God Is Dead but Woody Allen Lives?
Intermarriage Handbook: A Guide for Jews and Christians
By Judy Petsonk and Jim Remsen
Pages: 416 pages
Review Author: Ronald Austin
Intermarriage between Jews and Christians is a growing phenomenon in American life which provokes both fear and joy. It may be viewed an as intimate deepening of an essential dialogue, full of opportunities for understanding and forgiveness, or, alternatively, as a threat to Jewish existence itself. It has the potential for a mutual spiritual enrichment, or it can lead to a diluted secularization of both faiths.
The dialogue between American Jews and Christians in our time is actually a triangular conversation. The third partner, always present but often unacknowledged, is the voice of “the world,” the society within which both groups live and attempt to survive. Indifferent to redemption, its popular culture unapologetically “pagan,” the larger “civil” society provides both the arena and, increasingly, the behavioral norms. But when unacknowledged, this secular voice enters the dialogue as a whisper of assumptions, unexamined and unchallenged.
Intemarriage between Jews and Christians accelerates both dialogue and tension. There are now over a half million intermarried couples in the country and the numbers are increasing. At least a quarter of all American Jews “marry out,” a statistic that understandably alarms a community whose low birth rate alone threatens its long-term viability.
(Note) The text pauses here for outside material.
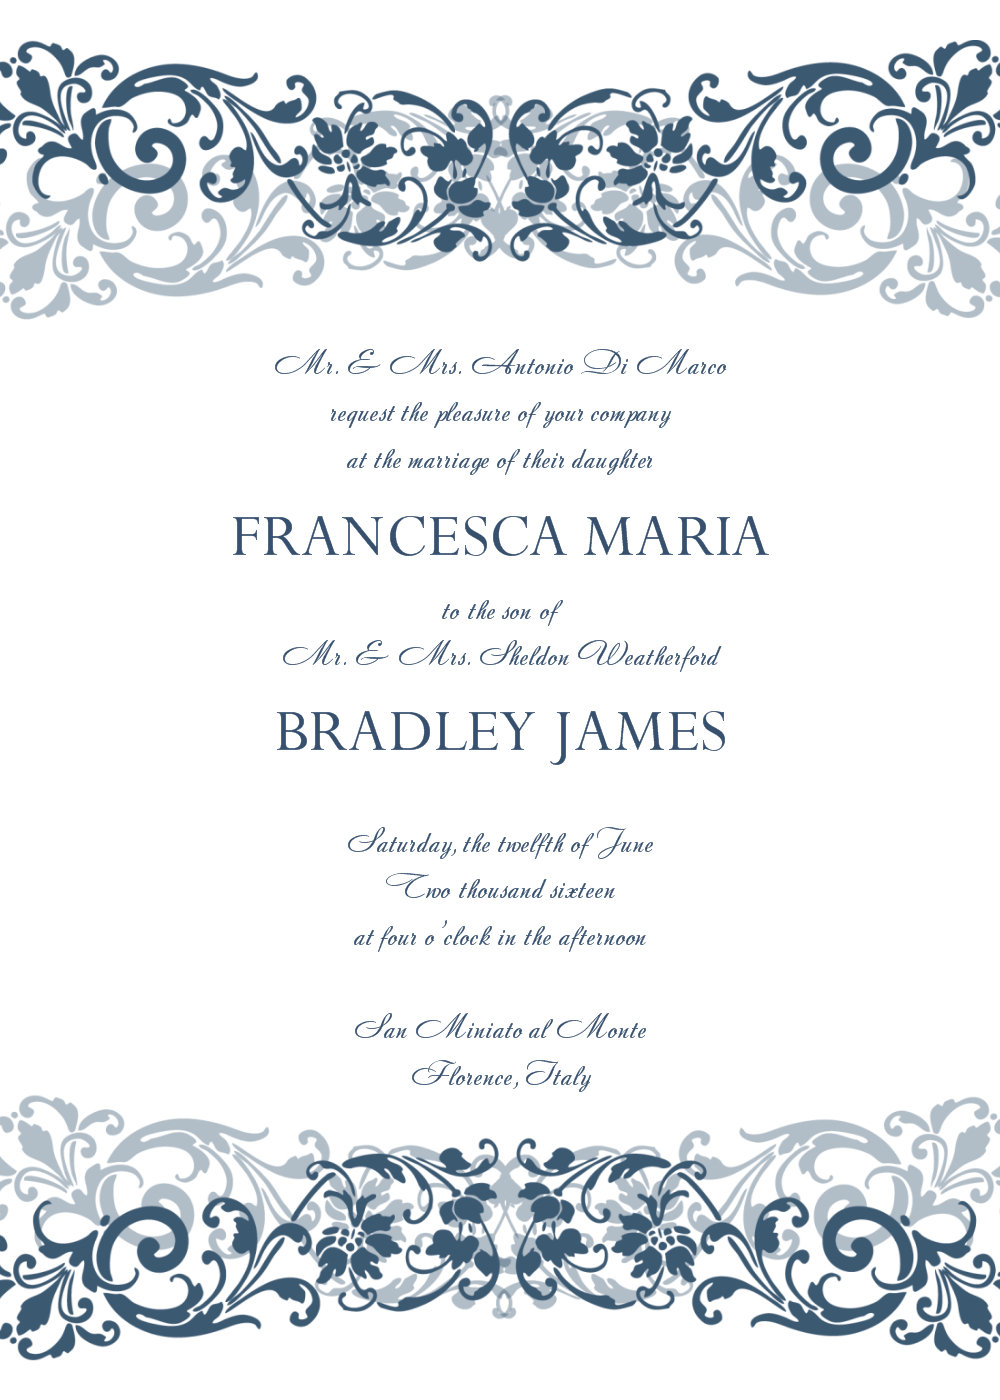 Free Wedding Invitation Templates For Word | Wedding Invitation - Free Printable Wedding Invitations With Photo

The Intermarriage Handbook by Judy Petsonk and Jim Remsen is the latest and most comprehensive book to address this controversial development. It is a useful book for the many things it tells us about marriage between Jews and Christians — and enlightening for what it fails to address. The secular whisper prevails throughout.
The “handbook” is over 400 pages of good-intentioned advice for the increasing number of Jews and Christians whose love and commitment draws them into the unexplored emotional territory of intermarriage. A broad compendium of facts, statistics, and practical suggestions, it deals with literally everything from birth (baptism, naming, circumcision, etc.) through death (who will and will not bury your spouse of a different faith). Indexed, it provides extensive supplements providing organizational and written resources. A couple contemplating intermarriage will find sympathetic support within these pages, but may seek in vain for even acknowledgment of many thorny underlying questions.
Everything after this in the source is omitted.